A estratégia, porém, deu certo, e o “Trem Bala” se consolidou, primeiro na rádio e apenas depois na televisão, onde manteve suas características medulares: total irreverência, explícita controvérsia e aberto despudor. Há quem diga que o tom era excessivamente “moleque”, mas Alan tinha audiência fiel e numerosa que pensava o contrário. Na esteira das edições, os aficionados só aumentavam.

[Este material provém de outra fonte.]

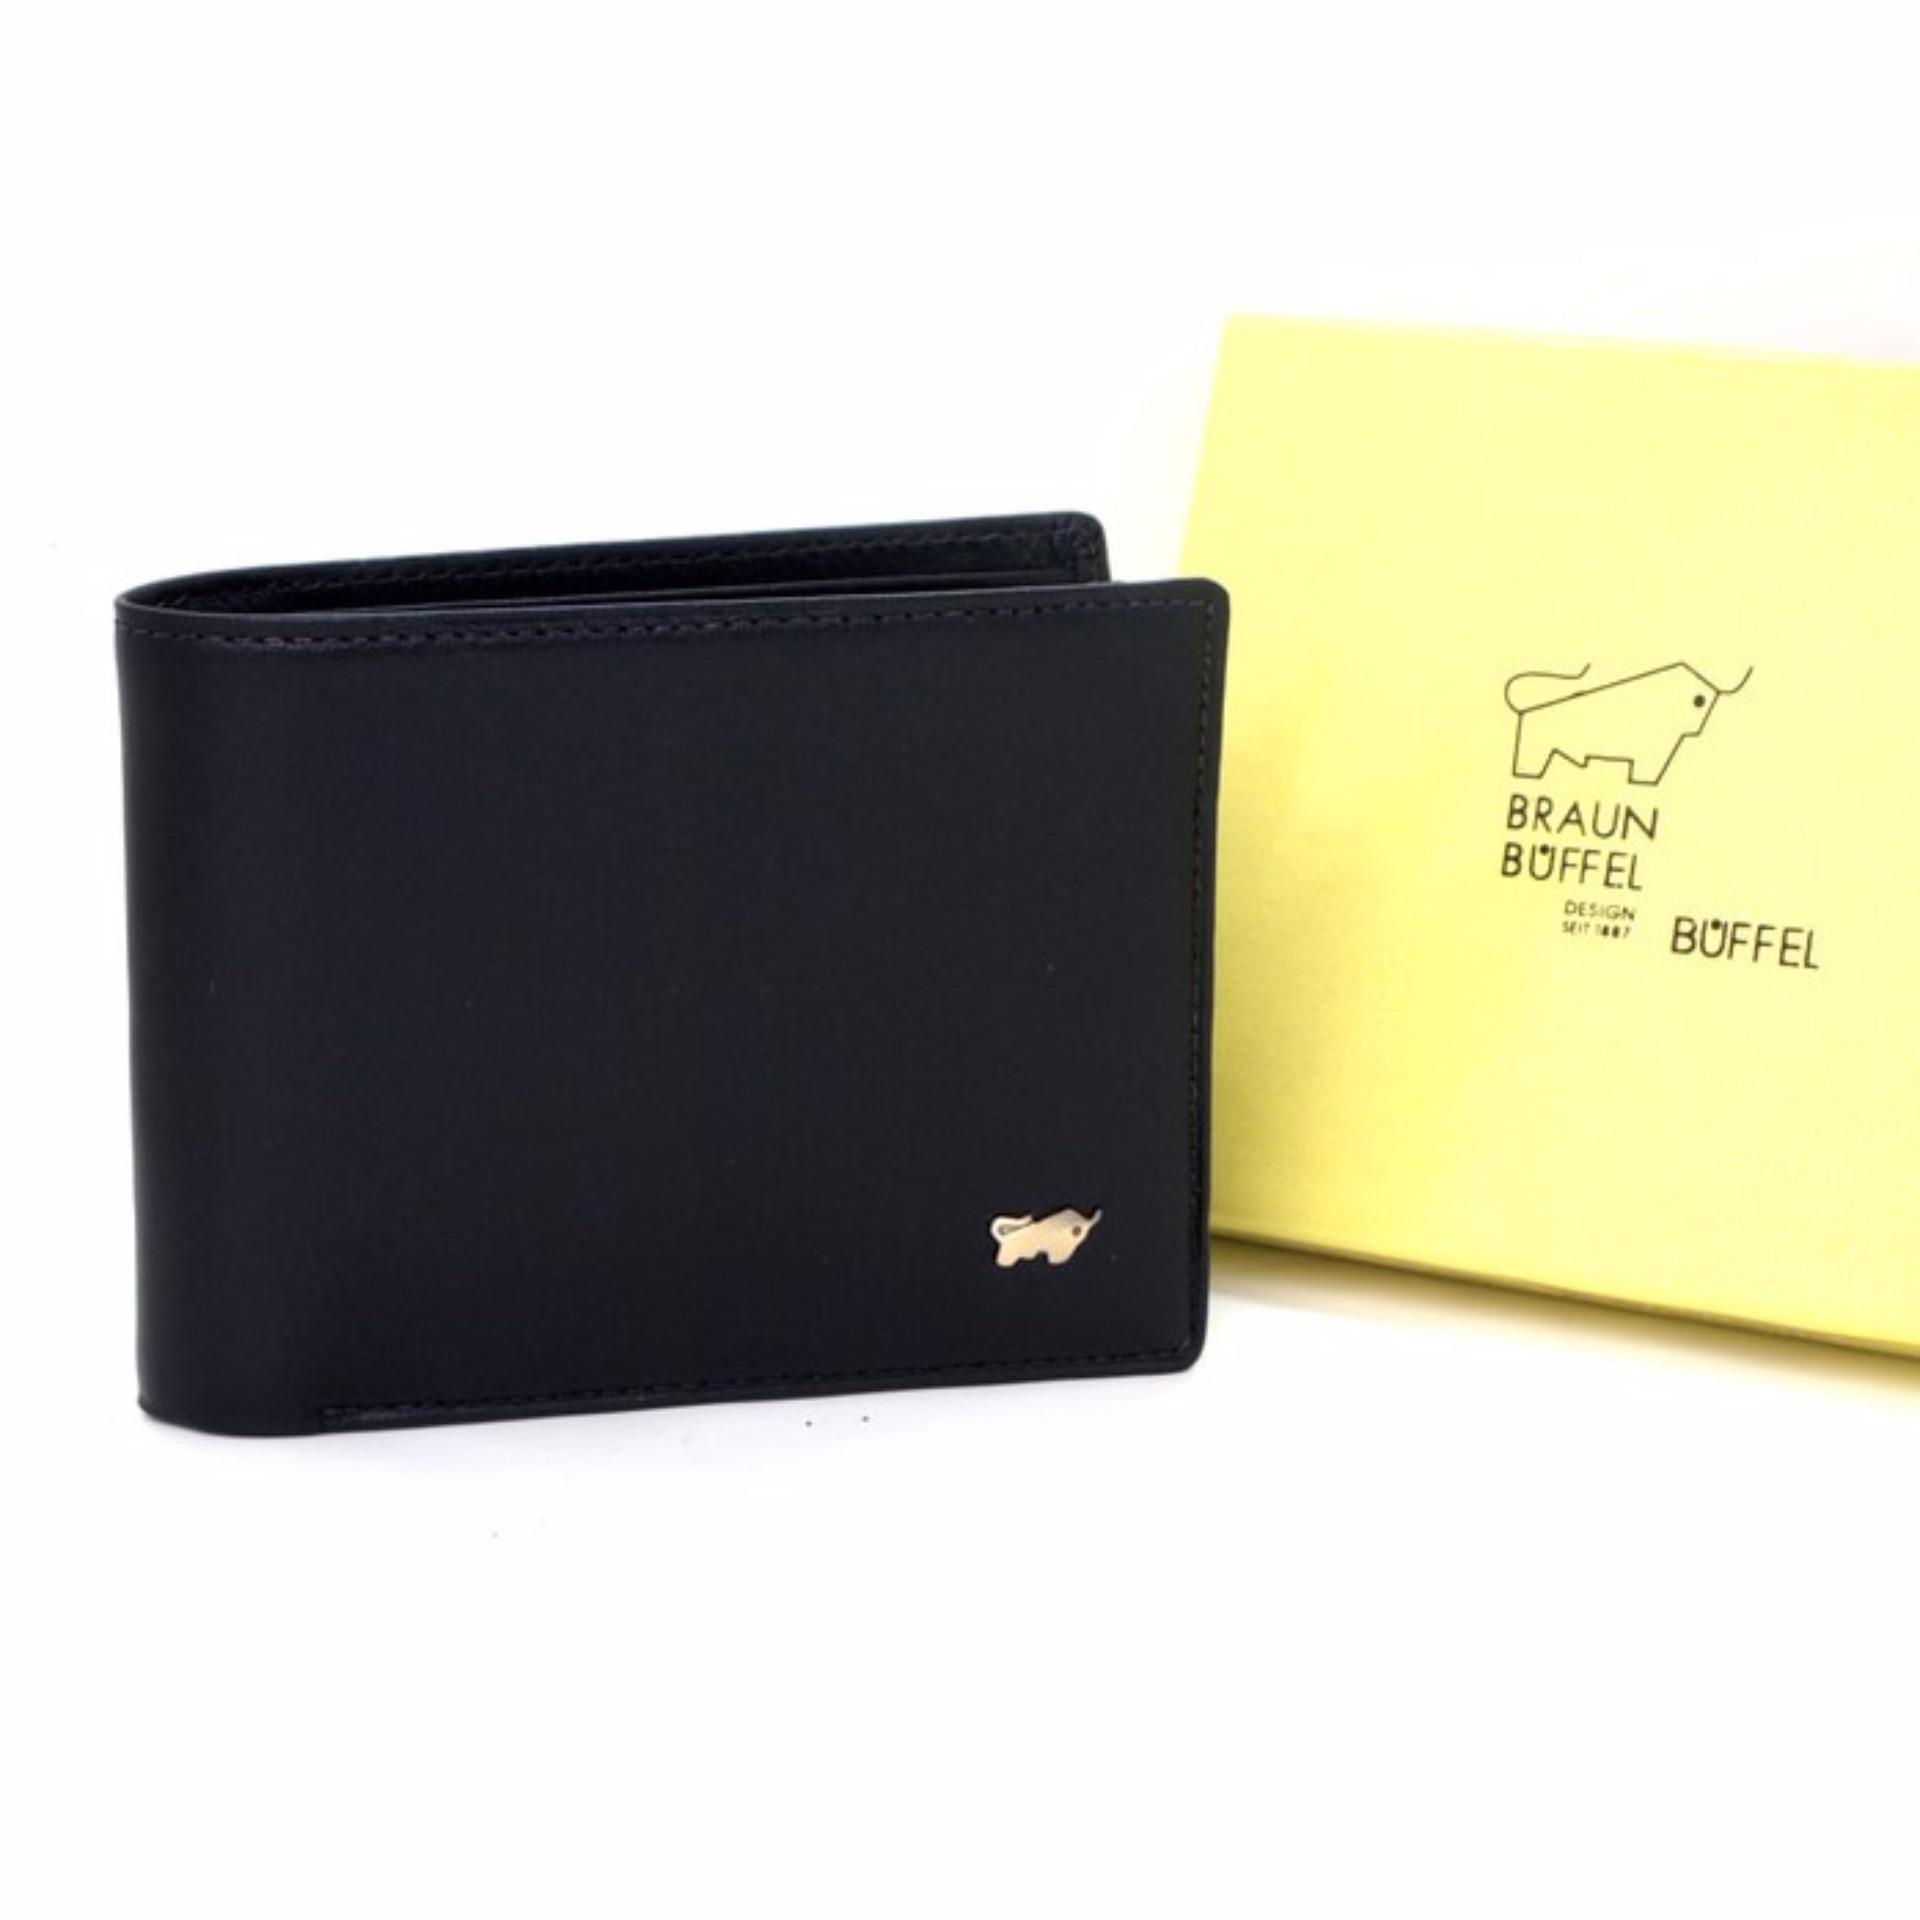 Promo Braun Buffel Black Dompet Kulit Pria Tidur Murah

Jornalista Alan Neto(Foto: Fco Fontenele)
Foto: Fco Fontenele Jornalista Alan Neto

Desse arco narrativo, o ponto alto, segundo ele mesmo, foi a entrevista com Pelé, em meados dos anos de 1970. É o próprio Alan quem conta: “Com o Pelé, sim, foi o auge da minha carreira como repórter. Foi quando consegui aquela bomba: ‘A minha última Copa é a de 70’. Agora, pra entrevistar esse homem, no Savanah Hotel...”.

Em seguida, resume o acidentado caminho até obter a confissão do rei do futebol: “Chamo Sérgio Ponte, com um gravador deste tamanho. Aí o Pelé: ‘Vou dar uma entrevista pra salvar o teu emprego. Bote aí: eu encerro a minha carreira, como jogador de futebol, na Copa de 70. Não jogo mais pela seleção’”. A frase foi parar na primeira página do jornal do outro dia.

Não satisfeito com o êxito no rádio, o maquinista pôs-se a escrever. O assunto, porém, passava longe dos esportes — era política. Também no O POVO, assinou coluna semanal, primeiro como “Confidencialmente”, depois como “Confidencial” e, na sequência de nova mudança, “Alan Neto”. É porque já dispensava adjetivos ou outros penduricalhos: o nome lhe bastava.

Alan Neto(Foto: JULIO CAESAR)
Foto: JULIO CAESAR Alan Neto

Fosse na política ou dentro das quatro linhas, contudo, o público o acompanhava. Ora em tom mais noticioso, ora mais como cronista, ora como um “flâneur” de bastidores, Alan exibia uma dicção particular na exploração das relações e dos disse-me-disse de corredores palacianos: quem se incomodara com tal ato, quem cairia de uma secretaria, quem seria alçado a cargo de maior envergadura, a quantas andava o trato entre o governador e a prefeita.

Nesse jogo, era certeiro também fora do âmbito político, como quando antecipou que o ex-Beatle Paul McCartney faria show em Fortaleza em maio de 2013, uma década atrás.

Craque no gramado, Alan tinha jeitão de camisa 9 (ainda que fosse um perna de pau no futebol) na lida com os temas mais palpitantes da sociedade cearense, seja um casamento partidário mal-sucedido (PT e PDT em 2022, por exemplo), seja as questiúnculas que desassossegavam aqueles cujo apetite pelo poder nunca se esgota.

 

Mas era só no “Trem Bala” que ele se despia, desincumbindo-se de qualquer máscara social para se tornar Alan Neto. Ele sabia disso. Ainda em novembro do ano passado, sem disfarçar a emoção que lhe arranhava a voz, alegrou-se com o seu retorno ao O POVO após uma temporada apresentando-se na TVC.

“O Trem Bala está de volta a sua casa materna. Toda volta tem um significado todo especial, está na bíblia. Leia lá, o filho pródigo. Todos nós somos filhos pródigos que voltam, é um começar de novo”, discursou, o olhar fixado na câmera postada a sua frente, os movimentos mais contidos, sem tantas mesuras e tiques. Antes de prosseguir, Alan acrescentou: “Nossa casa sempre foi essa aqui”.

Mesmo que o trem retome a sua viagem, já que o mundo não para de girar, o lugar do maquinista estará sempre vago para o Manoel Simplício que se tornou Alan.